Lindsay, along with Peter Boghossian, is the co-author of How to Have Impossible Conversations: A Very Practical Guide,[6] a nonfiction book released in 2019 and published by Lifelong Books.[7] In 2020, Lindsay released the nonfiction book Cynical Theories, co-authored with Helen Pluckrose and published by Pitchstone Publishing. The book became a Wall Street JournalUSA Today, and Publishers Weekly bestseller upon release.[8][9][10] Harvard University psychologist Steven Pinker praised the book for exposing “the surprisingly shallow intellectual roots of the movements that appear to be engulfing our culture”.[11] Tim Smith-Laingit charged it with “leaping from history to hysteria” in a Daily Telegraph review.[12]

Lindsay has also appeared twice[13] on comedian Joe Rogan‘s podcast The Joe Rogan Experience.[14]

He is registered as a director of New Discourses LLC.[15]

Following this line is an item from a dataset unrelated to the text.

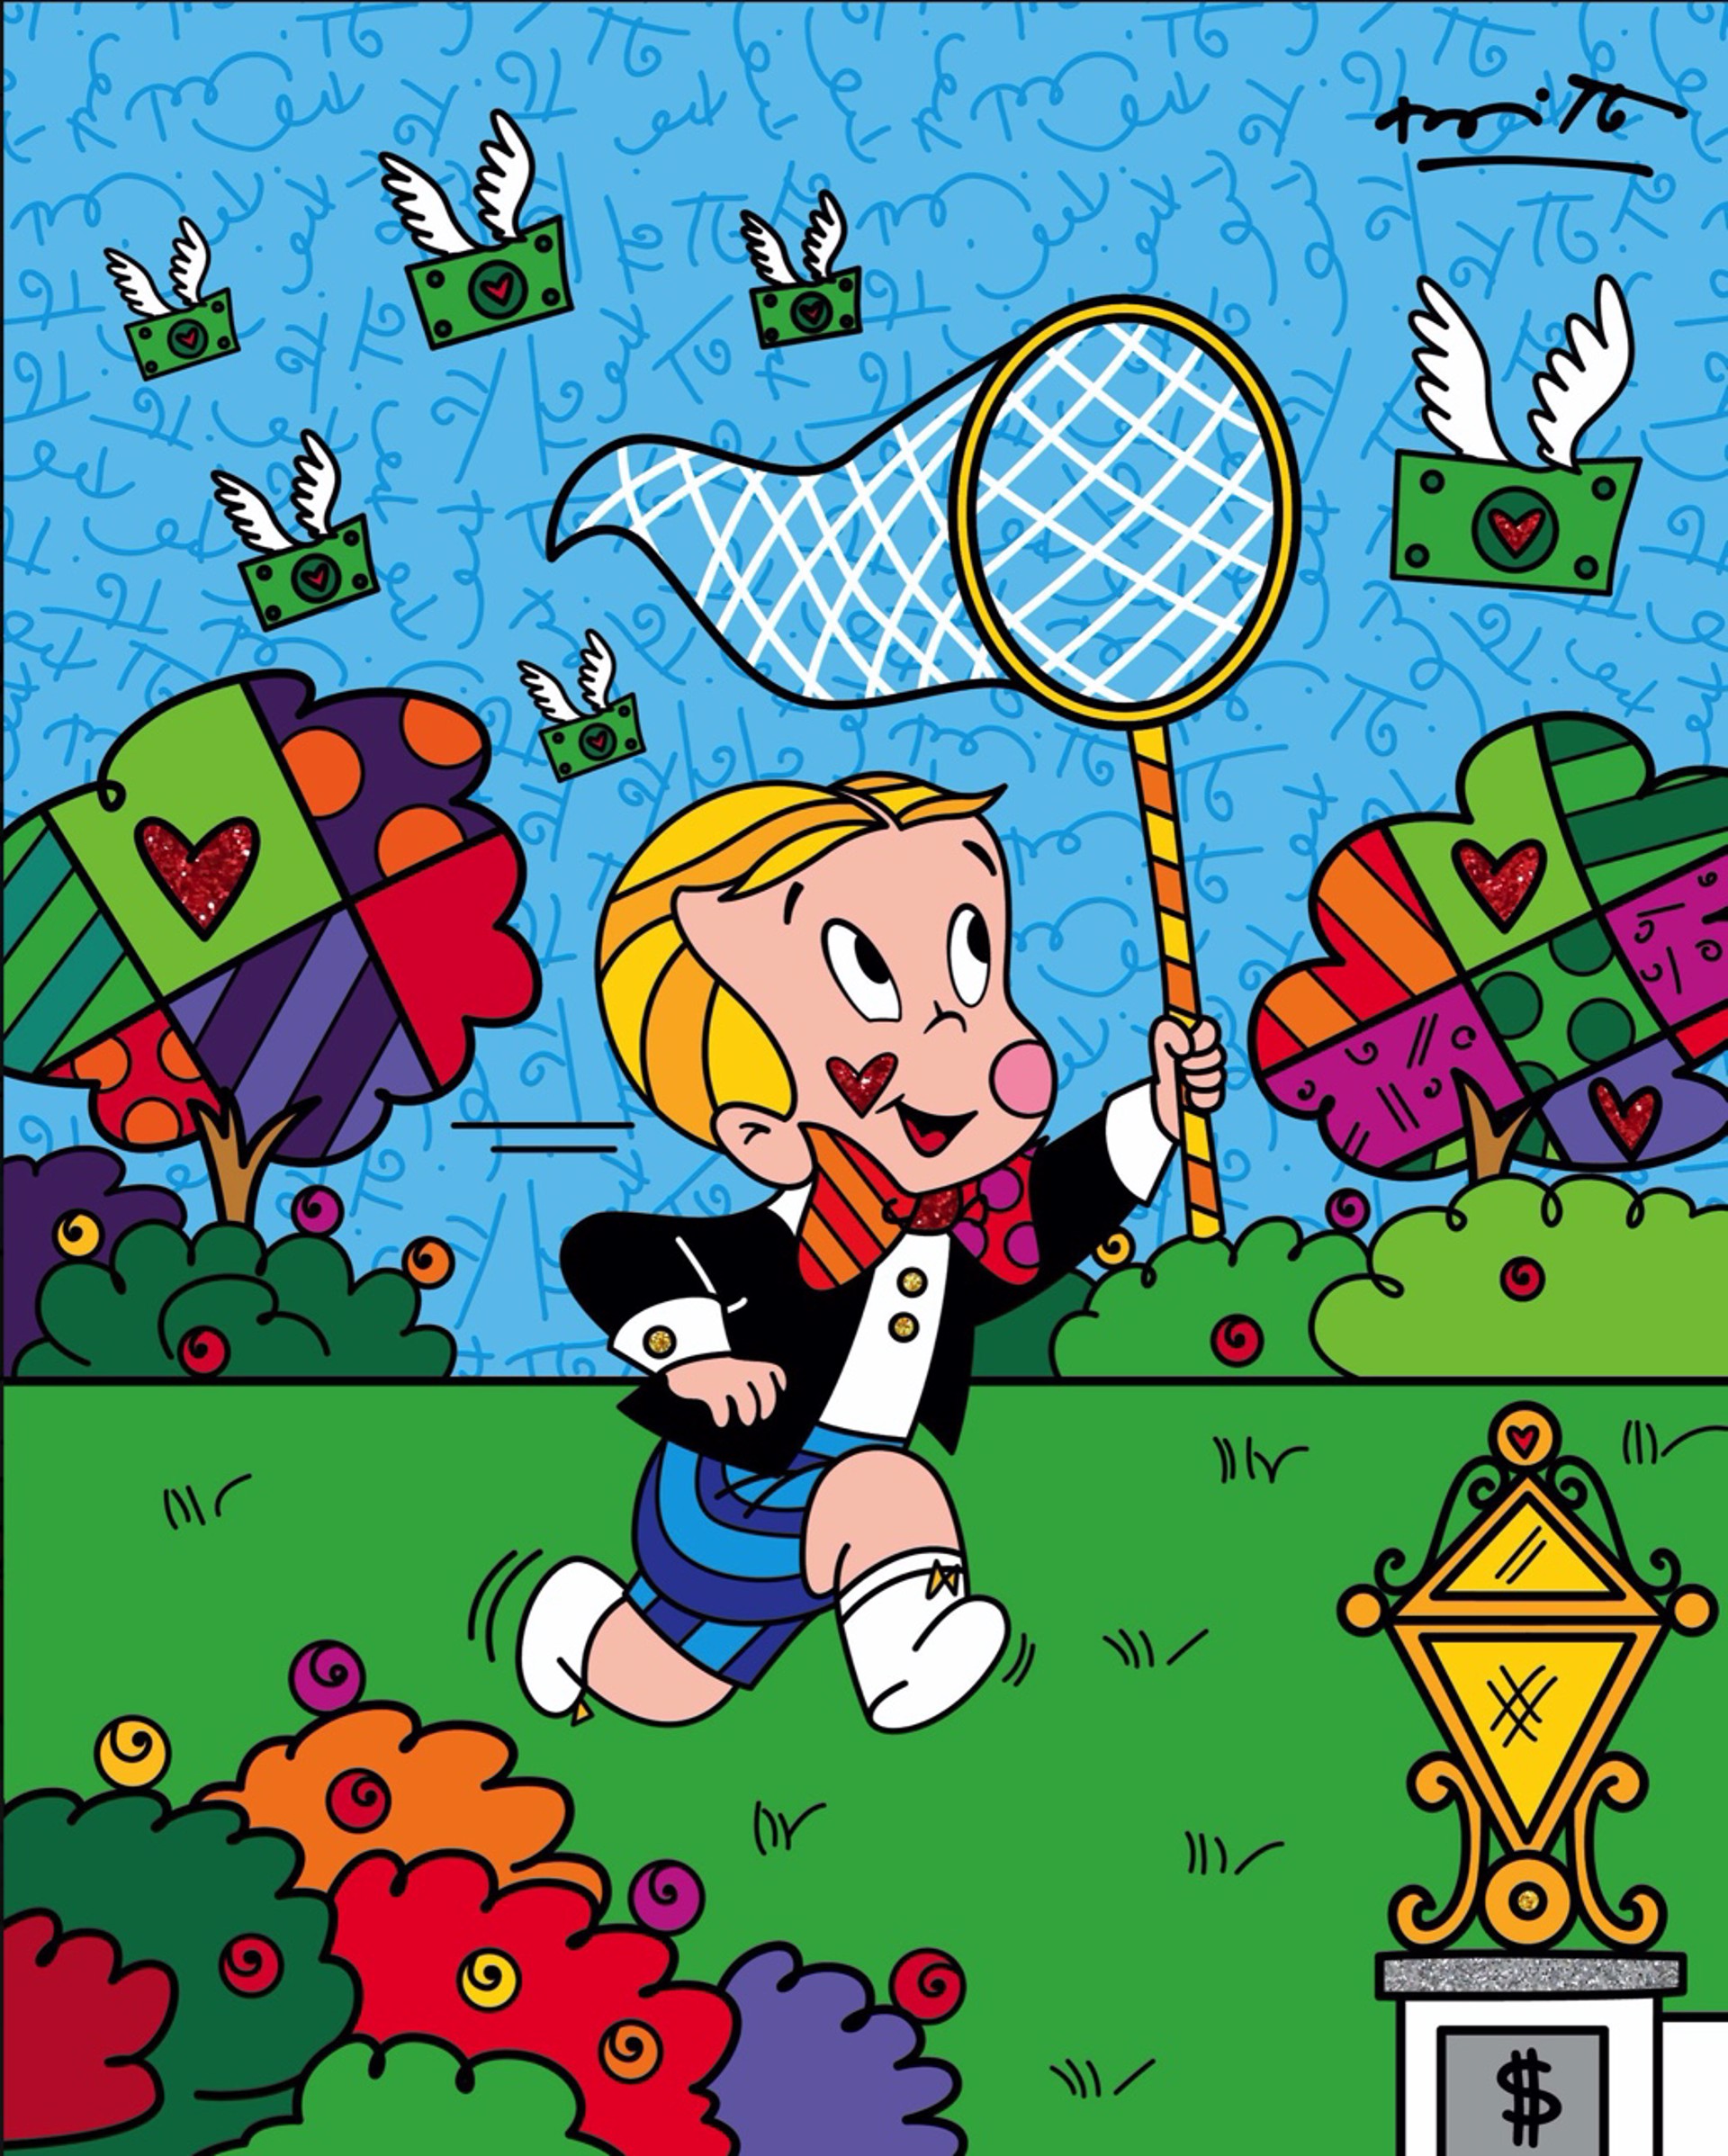 CHASING YOUR DREAMS (NBCUNIVERSAL) by Romero Britto

Lindsay is a critic of woke culture, which he analogizes to religious belief.[25] He describes “the Social Justice Movement” as his “ideological enemy”, and wrote an essay branding the movement as “critical social justice”, arguing that “it’s nearly always best to name your enemy something that they would or do call themselves.”[26] In 2020, columnist Cathy Young described Lindsay as “an author with a large ‘anti-woke’ online following”.[27] Despite opposing Donald Trump in the 2016 United States presidential election, Lindsay announced his intention to vote for Trump in the 2020 United States presidential election, citing a perceived illiberalism on the left as the reason.[28]